Return the material below exactly, but only from the line with "Pair of circa" through the line with "Present drop: 40", and without its pictures.

***** Records provided *****

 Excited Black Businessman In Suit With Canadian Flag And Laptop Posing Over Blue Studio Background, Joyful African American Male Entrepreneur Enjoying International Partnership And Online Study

*****
***** Records provided *****

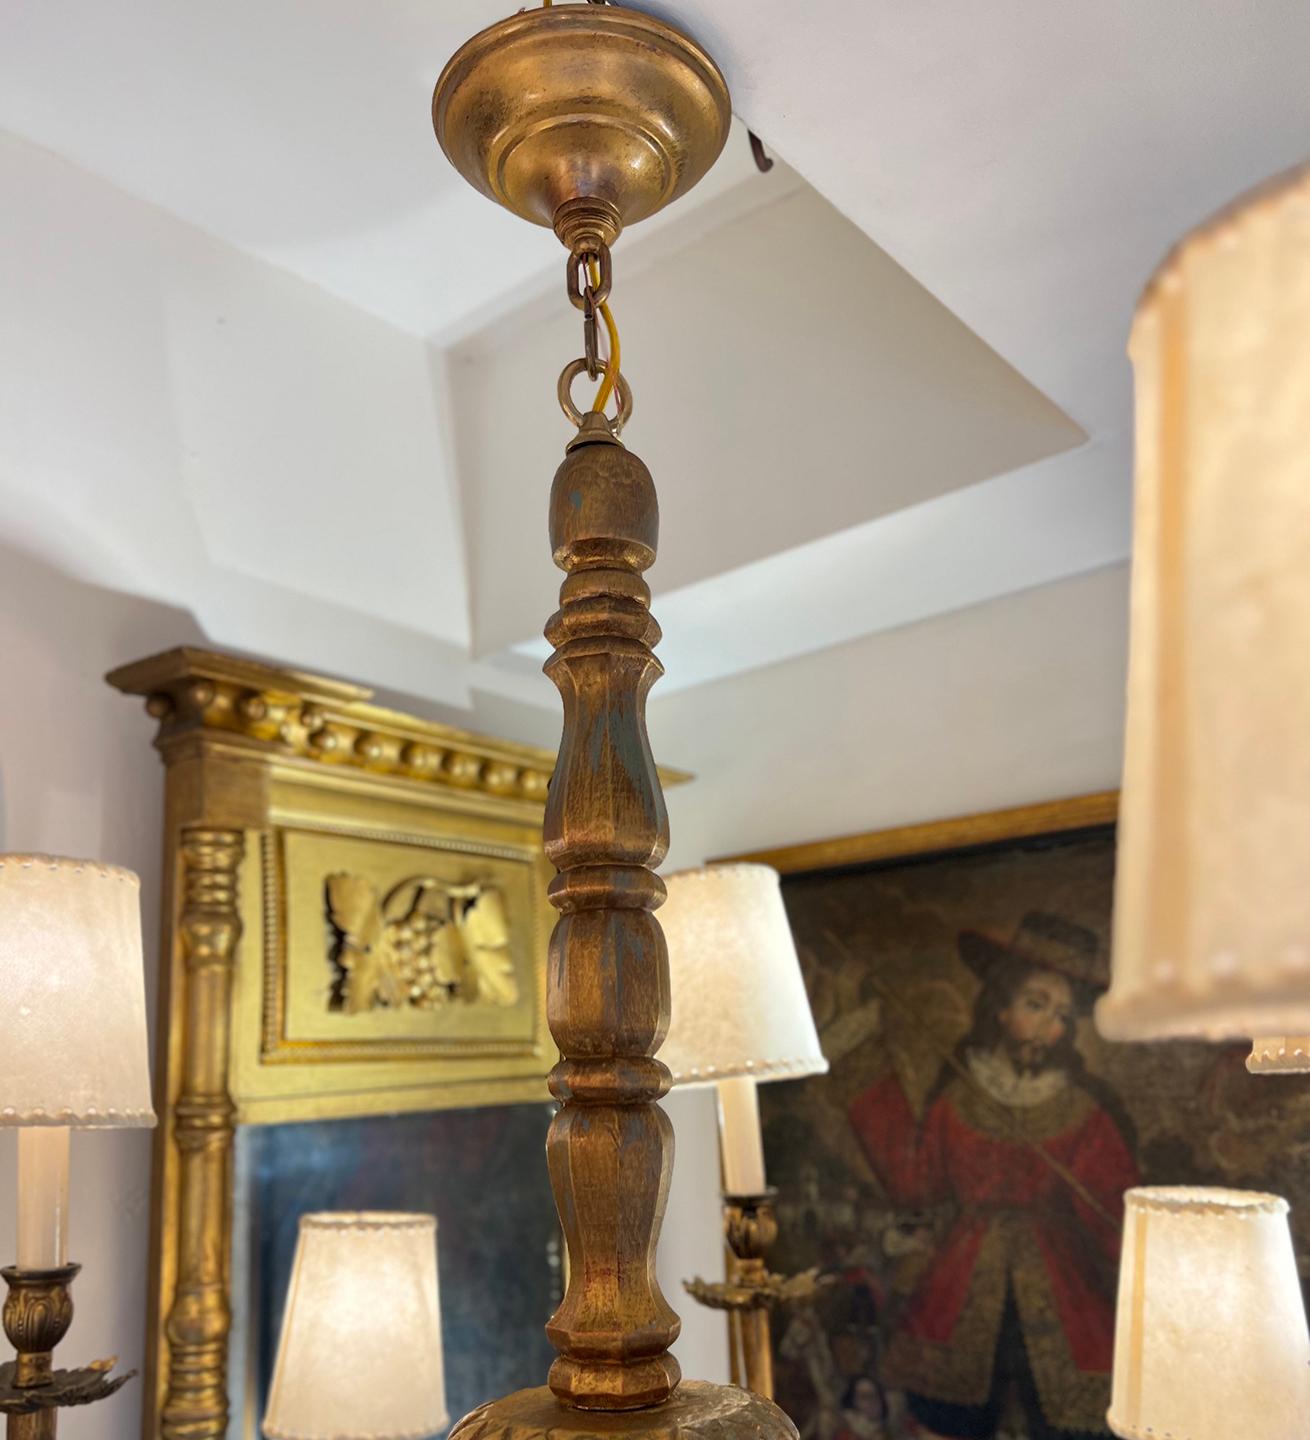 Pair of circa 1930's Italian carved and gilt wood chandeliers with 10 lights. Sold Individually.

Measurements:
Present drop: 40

*****
***** Records provided *****

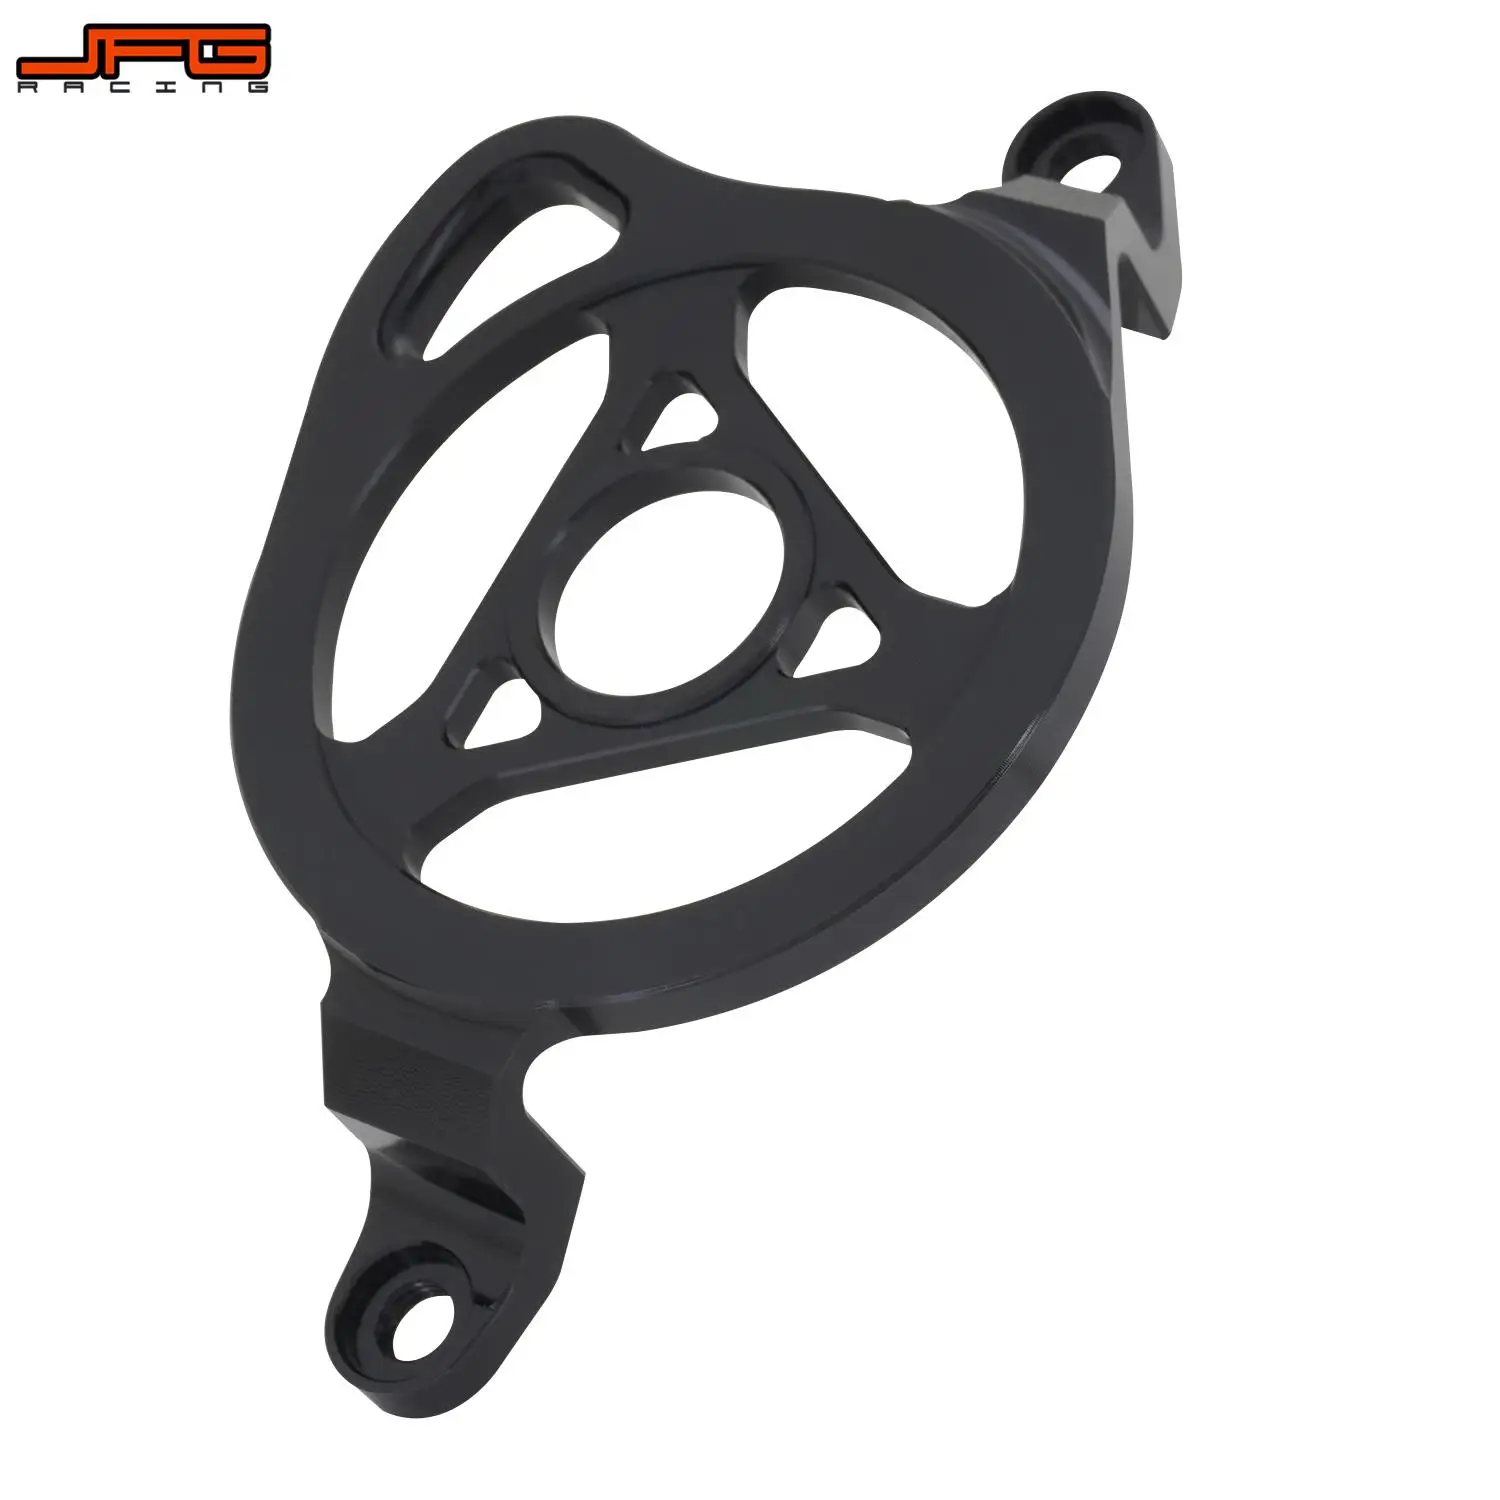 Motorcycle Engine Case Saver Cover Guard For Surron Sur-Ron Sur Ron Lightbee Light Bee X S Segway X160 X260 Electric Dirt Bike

*****

• Task solution
 Pair of circa 1930's Italian carved and gilt wood chandeliers with 10 lights. Sold Individually.

Measurements:
Present drop: 40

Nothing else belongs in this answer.